Sometimes you do the best when you’re trying the least.
Maybe you hurl the basketball desperately towards the basket from half-court at the buzzer and make it.
Maybe you find one night that your hair looks awesome just as you’re about to go to bed and bemoan the fact that no one gets to see how good you look.
Maybe you snap a picture of your little niece at the beach and notice later that in the background of the photo you have captured a shot of a centaur sunning himself.
Maybe you make a last-ditch effort to add a healthy component to your meal by using up the random assortment of vegetables that happen to be in your fridge. You grab a half-used cucumber, tomato, and avocado and slice them up. You wonder why you happen to have all these half-used vegetables, I mean, why can’t you ever use a vegetable all at once? You find the answer to this question when you throw some dressing ingredients onto the vegetables and toss it all up, then take a bite and discover that you’ve just made magic.
Oh, and that last one about the vegetables happened to me. I know. You totally thought I was making up that crazy little scenario.
This salad was a happy accident that will now be part of our regular rotation. We fell hard for it. There’s a good chance that my husband would’ve drunk the remaining dressing with a straw if I’d given him one.
Why should you try it? It’s perfect for summer. It’s easy and light and refreshing. The depth of flavor from the dressing is the perfect accompaniment to the delicate flavors of the vegetables without overwhelming them. And with Memorial Day coming up, I think it’d suffice to say that this salad would do any picnic good.
(Also, I haven’t tried this option yet so don’t quote me on it, but I imagine that adding some feta to this could be rather sensational.)
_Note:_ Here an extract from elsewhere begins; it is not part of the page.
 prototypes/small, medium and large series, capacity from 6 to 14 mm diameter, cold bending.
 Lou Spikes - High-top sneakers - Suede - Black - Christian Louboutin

- ½ Cucumber, peeled and sliced, with the slices then cut in half
- ½ Tomato, coarsely chopped
- ½ Avocado, coarsely chopped
- 1 T. olive oil (I use lemon-infused)
- 1 T. red wine vinegar
- ½ T. sugar
- 1 tsp. lemon pepper
- ½ tsp kosher salt
- Pinch of freshly ground black pepper
- Add cucumber and tomato to a bowl and sprinkle with all of the ingredients except the avocado. Toss well to coat. Adjust seasonings to taste, if desired. Add avocado and toss gently. Serves 2.